Casi parece que han visto un fantasma —dijo Shiro con una risa.
—¡Shiro!
¿Qué sucedió?
¡Todas tus conexiones están curadas!
¡El reino de maná está inundándose de mana!
—preguntó Nimue con una cara llena de asombro.
—Mn… Fue una de mis recompensas por completar la misión —respondió Shiro mientras saltaba fuera de la grieta.
Activando su disfraz, se hizo parecer como una chica de ciudad promedio antes de alquilar una habitación para poder descansar en ella.
Cerrando los ojos, se envió a sí misma al reino de maná.
—Bueno entonces, ¿esto debería hacer más fácil que hagan preguntas, verdad?
—Shiro sonrió antes de hacer un gesto para que Atesh se acercara a su lado.
Tomando a Atesh, sonrió y pellizcó sus mejillas provocando que frunciera el ceño antes de hundir su cabeza en su hombro, lo que la hizo reír.
—Entonces, ¿qué sucedió allí adentro?
Por alguna razón, perdimos la conexión contigo y antes de que nos diéramos cuenta, todo aquí cambió.
Tu energía es ligeramente diferente y hasta nosotros hemos recibido una mejora propia —preguntó Iziuel mientras flotaba hacia su lado.
—Bueno, completé la misión como dije.
Sorprendentemente, pude encontrarme con hermana mayor Kuromi quien…
lamentablemente no pudo salir conmigo.
Estoy segura de que le hubiera gustado jugar contigo, Attie —dijo Shiro mientras acariciaba la cabeza de Atesh.
—Espera, ¿no es Kuromi…?
—Sí, ella es la dueña anterior de este cuerpo.
Digamos que somos dos mitades de la misma moneda.
El mismo alma conectada desde tiempos distintos —Shiro sonrió.
—Ya veo…
—asintió Nimue.
—De todas formas, primero quiero intentar algo —dijo Shiro mientras caminaba hacia la isla de hielo.

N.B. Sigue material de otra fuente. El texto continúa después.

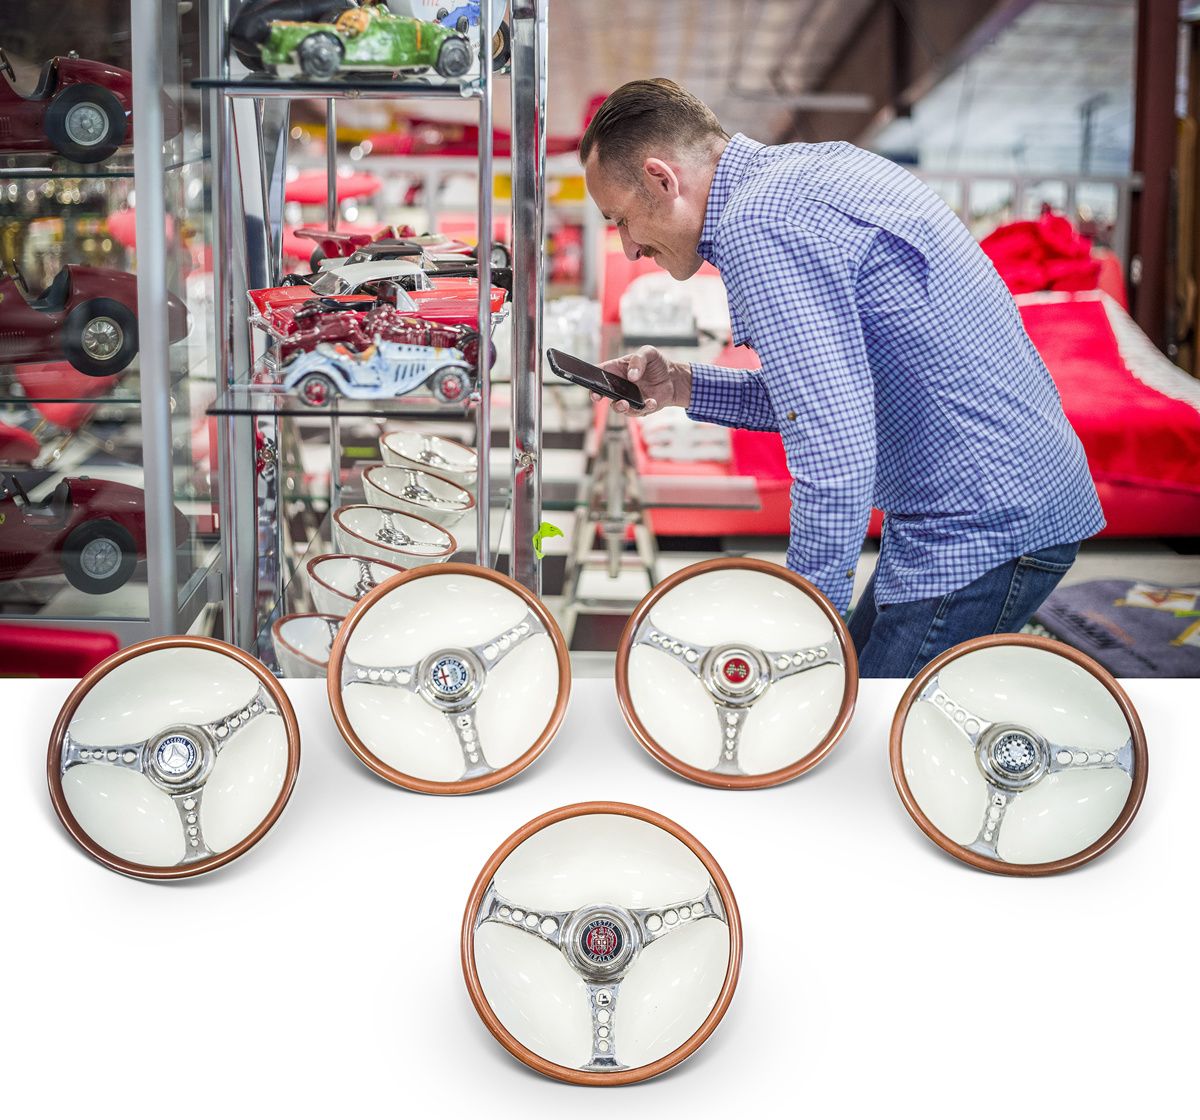 Les Leston Steering Wheel Ashtrays offered at RM Sotheby’s the Gene Ponder Collection live auction 2022

Como Atesh era un espíritu de fuego, estar cerca de la isla de hielo lo hacía sentir un poco incómodo mientras Shiro creaba una manta de fuego para él que lo hizo acurrucarse más en su abrazo.
—Qué lindo —Shiro se rió antes de enfocarse en la tarea principal.
Anteriormente, había reciclado una habilidad o más bien, talento llamado Embaucador que le permitía actuar de manera impecable como cualquier persona.
Si lograba combinar esto con algo parecido a un golem, podría traer a Kuromi de vuelta.
No obstante, antes de siquiera empezar con su proyecto, algo dentro de ella le decía que no sería lo mismo.
Incluso si tiene éxito, este golem no tendría el alma de Kuromi.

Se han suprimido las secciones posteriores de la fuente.